In subsequent venous and late phases, the contrast, due to its high plasma concentration and diffusibility, passes quickly into the interstitial space until it reaches the balance of the concentration between circulating blood and extravascular fluids (Figure 7). The venous and interstitial compartments have a greater volume of distribution than that of the arterial circulation and the enhancement does not depend on the IDR, but on the total quantity of iodine administered, which is the product of iodine concentration and contrast volume injected.

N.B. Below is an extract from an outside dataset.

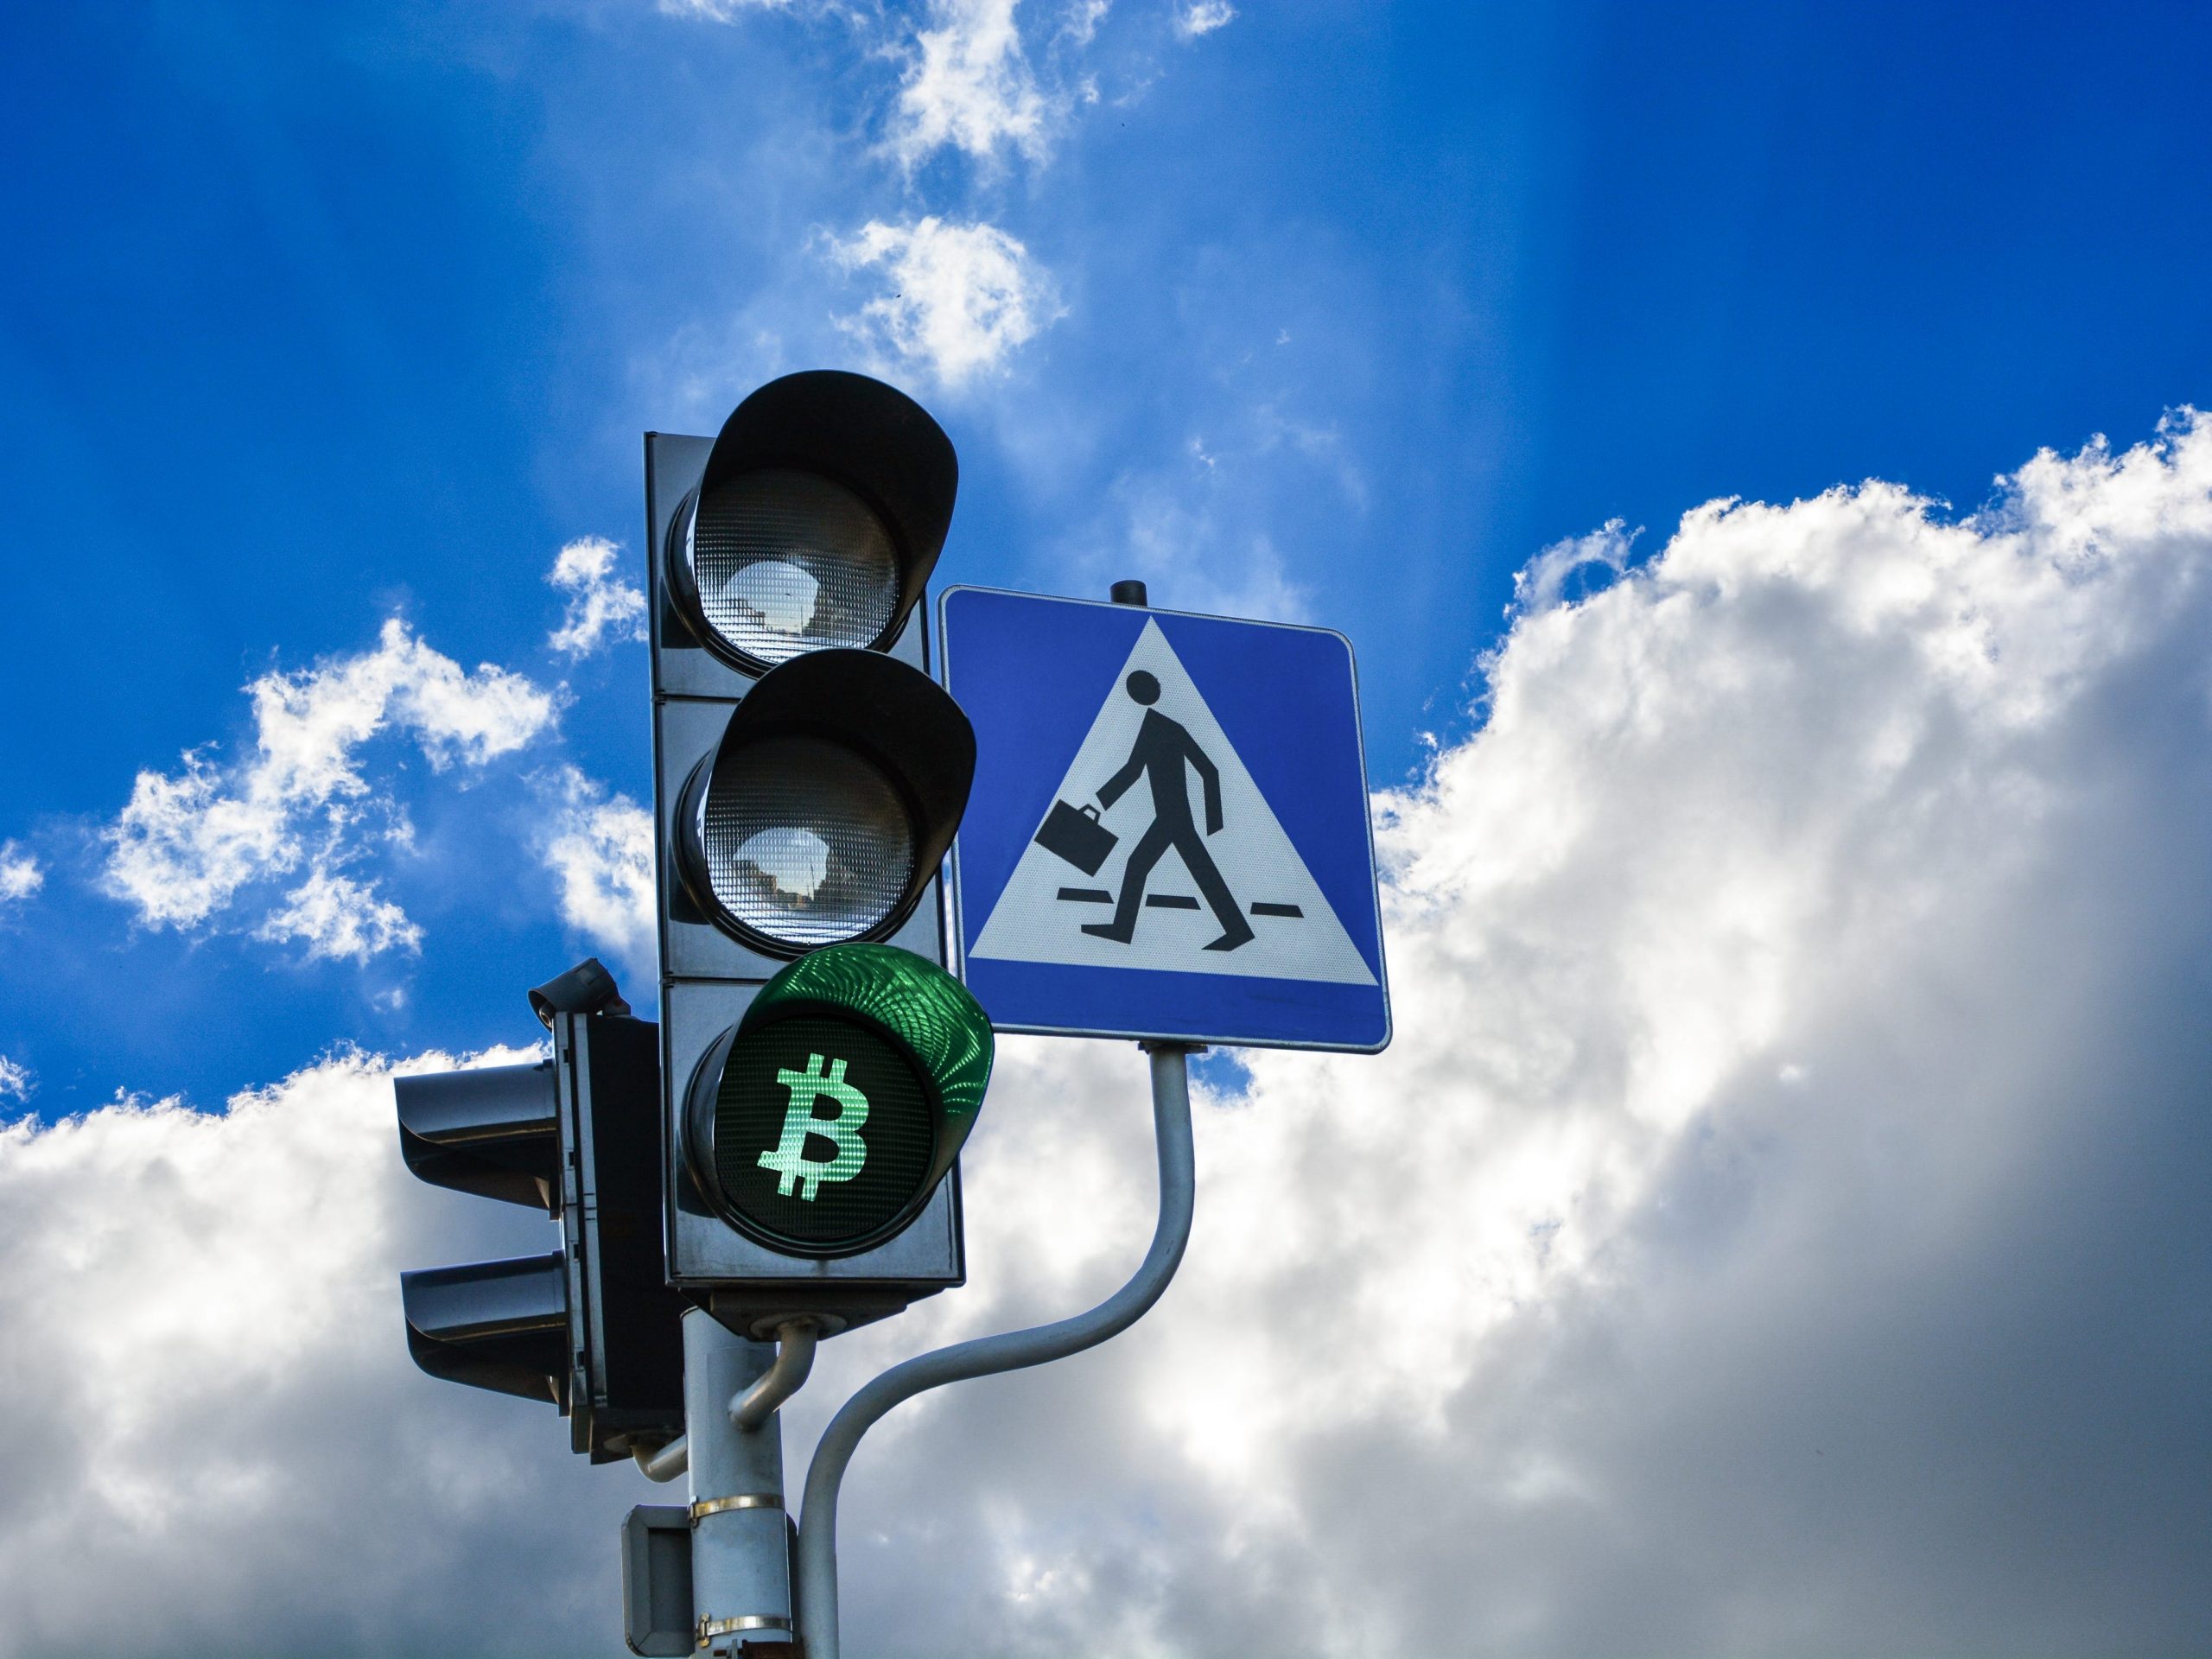 Traffic lights with green light replaced by bitcoin sign, clouds and light blue sky in the background

Therefore, the CT evaluation of the organs of interest requires the administration of a large volume of ICM rather than its rapid injection and the patient-related factors (e.g., weight, height and age) greatly affect the enhancement [1, 2, 4, 5, 9, 11]. ICM is not metabolized in the body and in the last urographic phase opacifies the urinary tract (Figure 8).

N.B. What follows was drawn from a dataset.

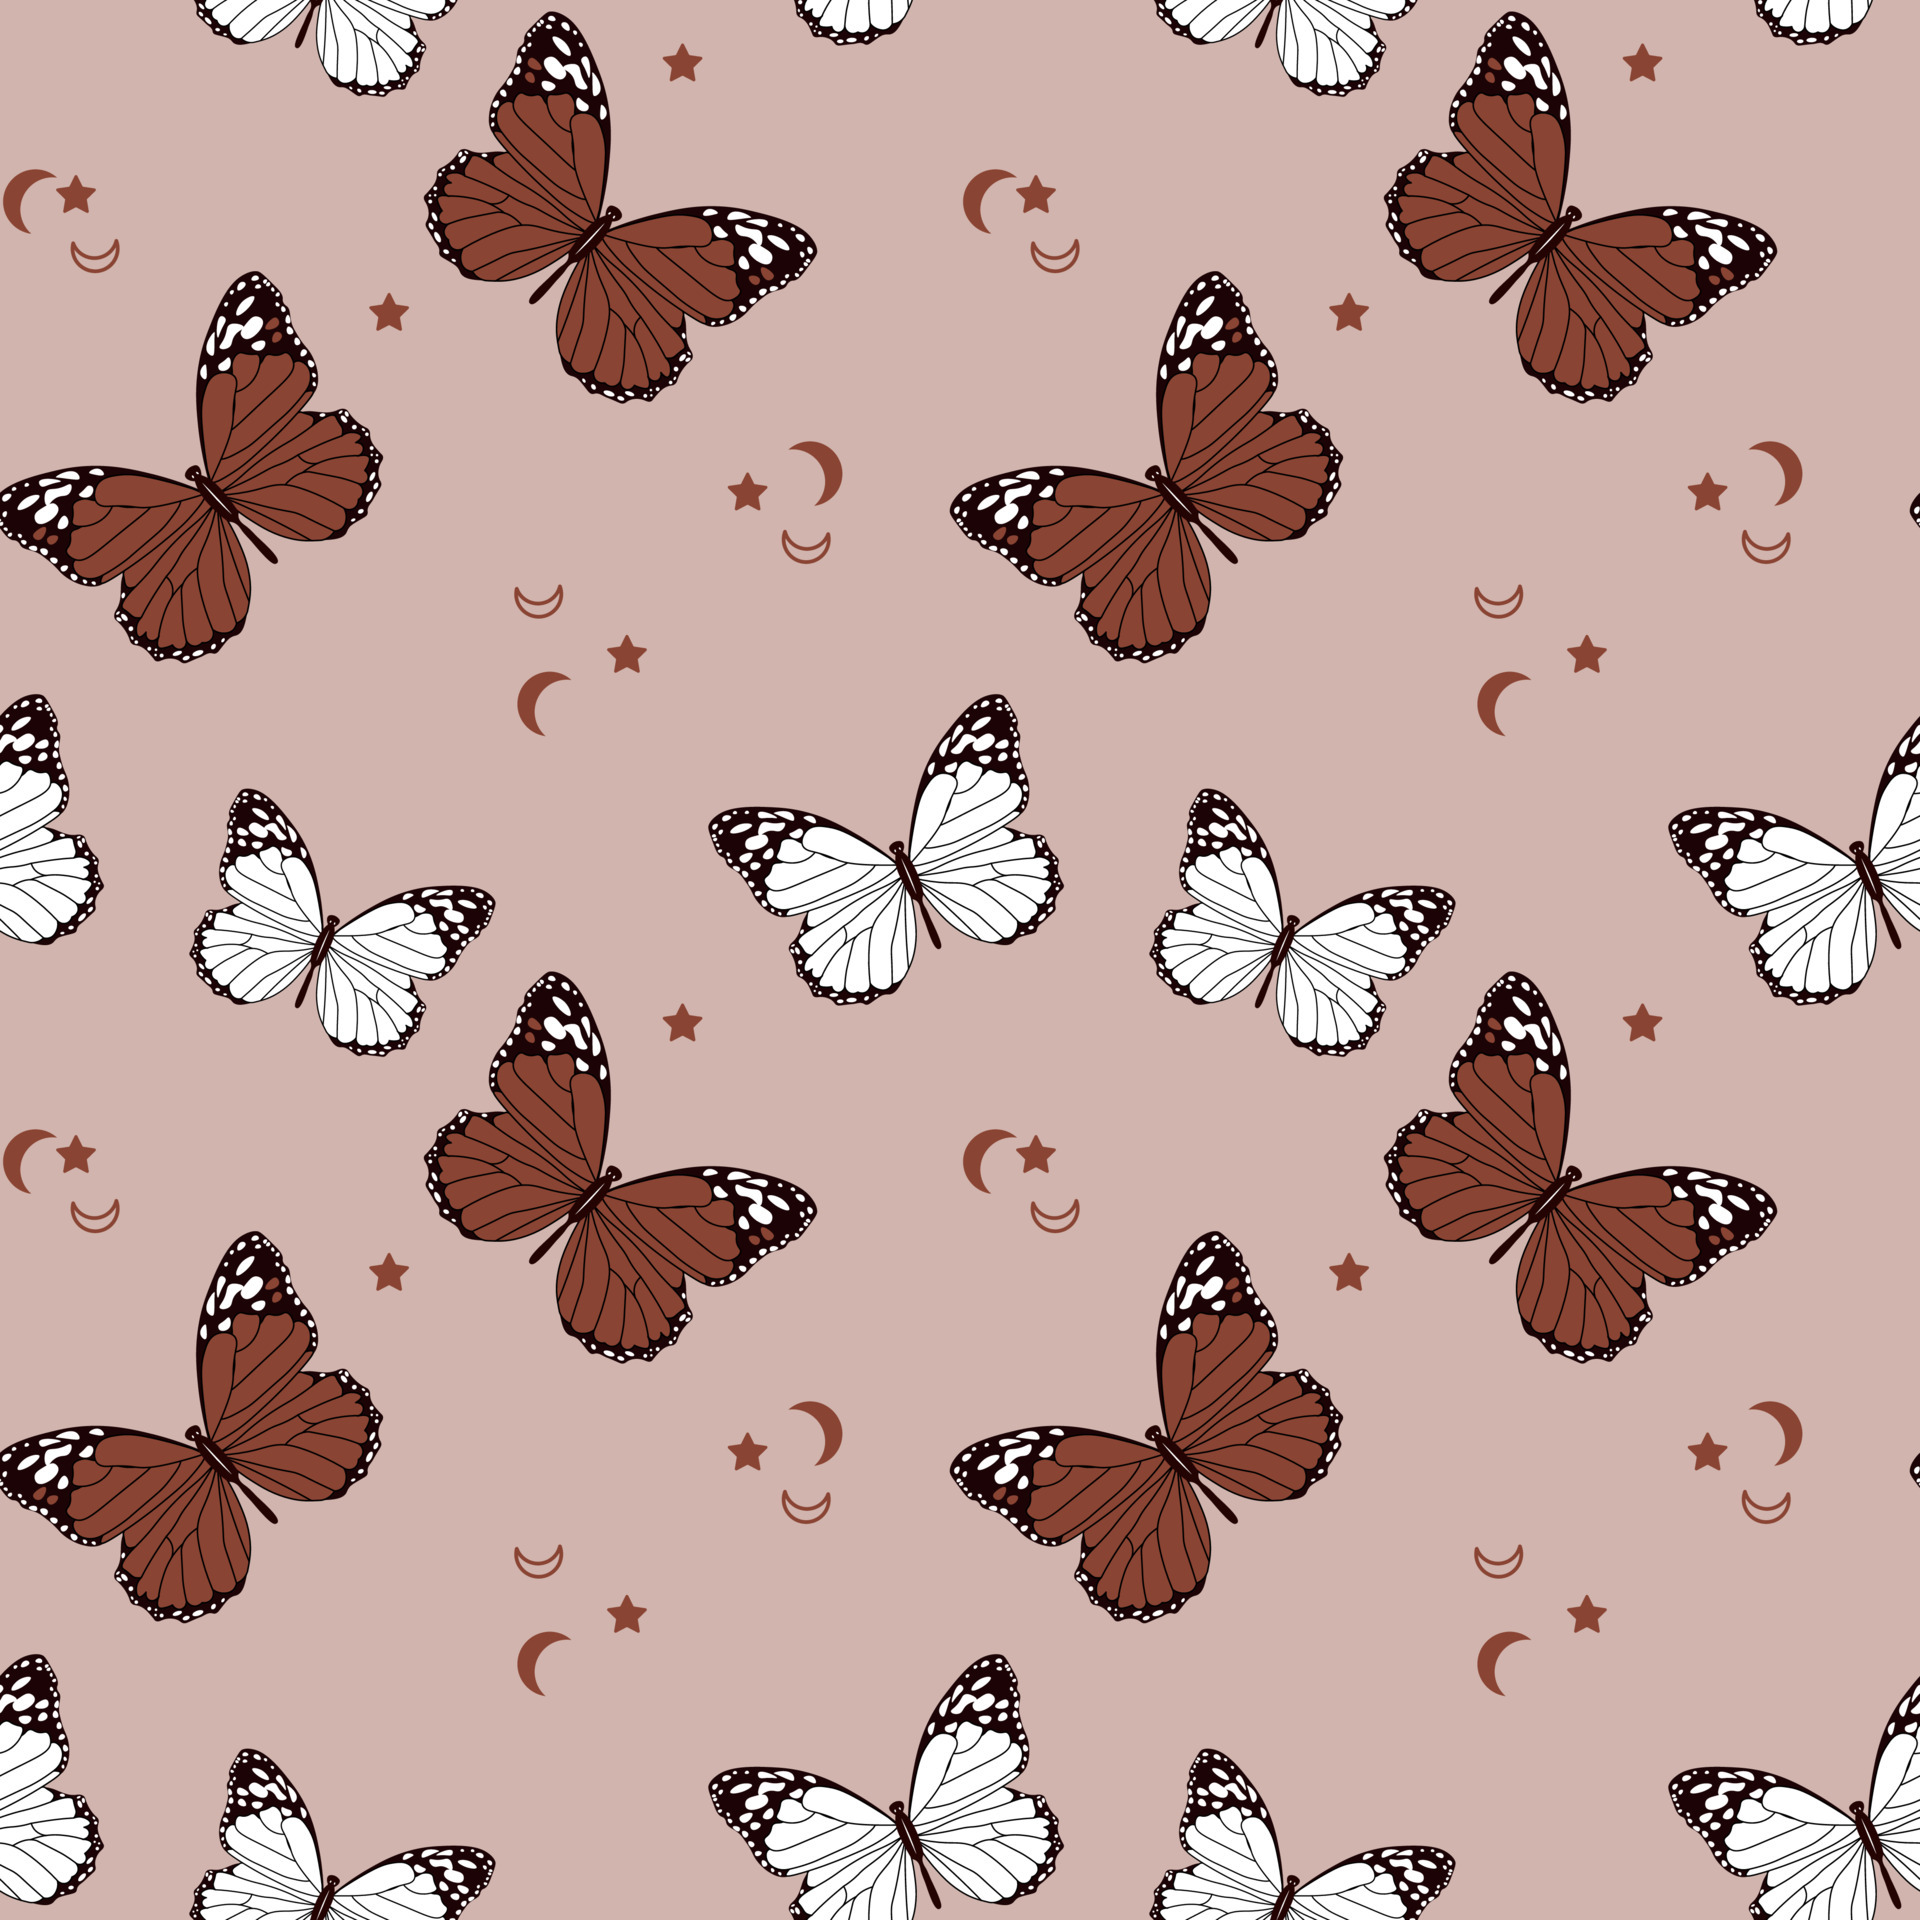 Seamless pattern, painted white and brown butterflies, moon and stars on a beige background. Print, wallpaper, textiles, bedroom decor

Figure 7 Splenic hemangioma. Contrast-enhanced CT images acquired during the parenchymal arterial phase in the axial (a) and coronal (b) planes show an enhancing splenic nodular lesion. In the axial contrast-enhanced CT image obtained in the portal venous phase the lesion is isodense to the splenic parenchyma and difficult to recognize (c).

Figure 8 Contrast-enhanced CT in the urographic phase shows opacification of urinary excretory tracts in the axial image (a) and in the coronal reconstructions of maximum intensity projection (MIP) (b) and volume rendering (VR) (c).

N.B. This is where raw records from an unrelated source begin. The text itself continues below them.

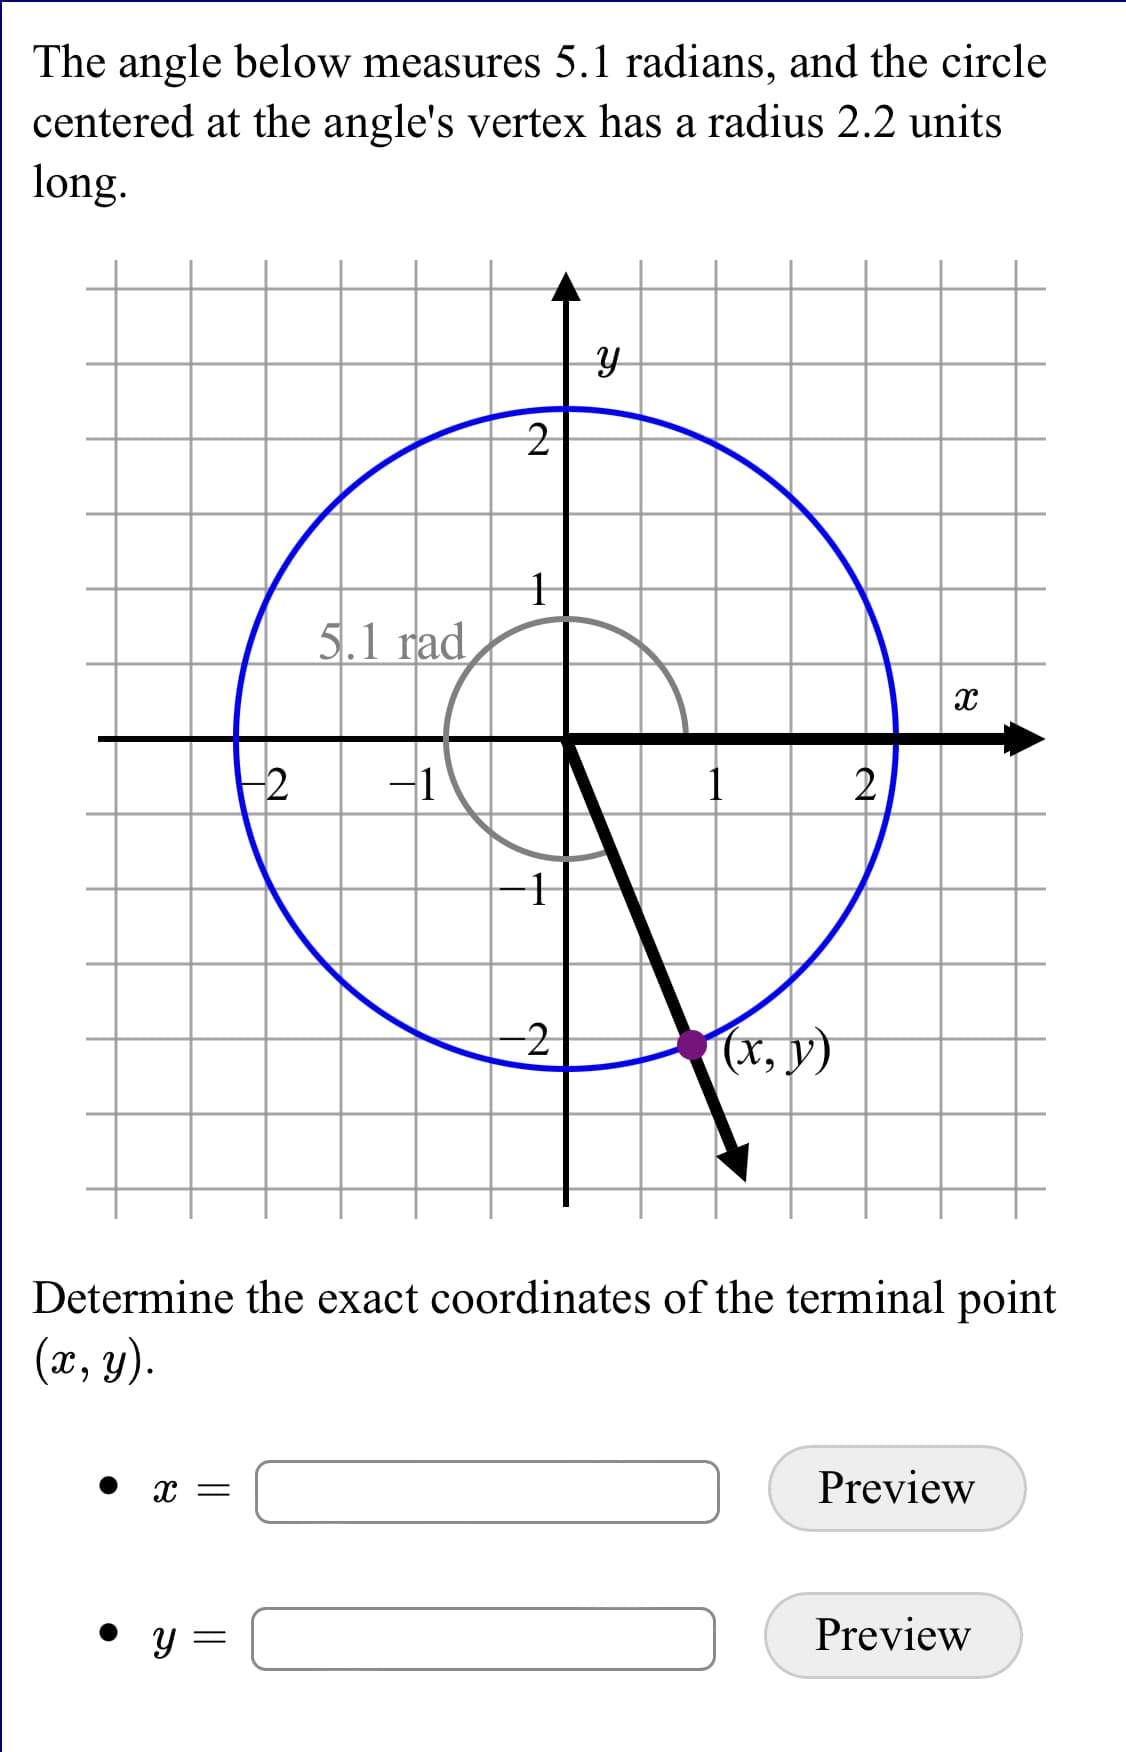 The angle below measures 5.1 radians, and the circle
centered at the angle's vertex has a radius 2.2 units
long.
5.1 rad
-1
2
(x, y)
Determine the exact coordinates of the terminal point
(x, y).
Preview
Preview

It is eliminated mainly by glomerular filtration without tubular reabsorption and the elimination half-life is approximately two hours in patients with normal renal function [1, 2, 5, 8, 9, 11]. Following iv administration of ICMs, adverse events may occur and more frequently after HOCMs use. Adverse reactions are divided into chemotoxic, anaphylactoid and idiosyncratic [1-3, 9, 13-15]. Chemotoxic reactions are dependent on the dose and plasma concentration of ICM, are potentially predictable and influenced by the osmolality, viscosity and hydrophilicity of the contrast molecule [1, 3, 9, 13, 15]. They are usually mild, spontaneously regress and manifest with nausea, vomiting, altered taste, sensations of heat, sweating, flushing, anxiety, hypotension and bradycardia. Serious, less frequent chemotoxic reactions, are related to the toxic effect on organs and can lead to arrhythmias, pulmonary edema, convulsions and nephrotoxicity.

Kidney is the main target organ, since the ICM is excreted predominantly by glomerular filtration, and contrast-induced nephropathy (CIN) is defined as the impairment of renal function within three days after iv administration of ICM, in absence of other possible causes [1-5, 9, 13-15]. Anaphylactoid reactions are dose-independent, unpredictable and induce the release of histamine and other mediators from mast cells and basophils causing allergic-type manifestations [1, 3, 9, 13-15]. Equally the idiosyncratic reactions are dose-independent and unpredictable, but are characterized by an abnormal and sometimes lethal individual response to the ICM for genetic predisposition [3, 13, 15].

Hypersensitivity reactions
Hypersensitivity reactions are divided according to the time of their onset: in most cases they are immediate and appear within an hour of iv contrast administration; delayed reactions are less frequent and occur between an hour and a week after the injection of ICM [1, 3, 9, 13-15]. Symptoms of the immediate hypersensitivity can be mild, moderate or severe (Table 1). Usually the symptoms are mild and do not require medical treatment, although, in case of need, it is possible to administer antihistamines for urticaria; instead, for moderate symptoms an immediate medical management is essential to avoid the worsening of the patient's clinical condition and for severe, potentially fatal symptoms, the intervention of an anesthesiologist-resuscitator is necessary.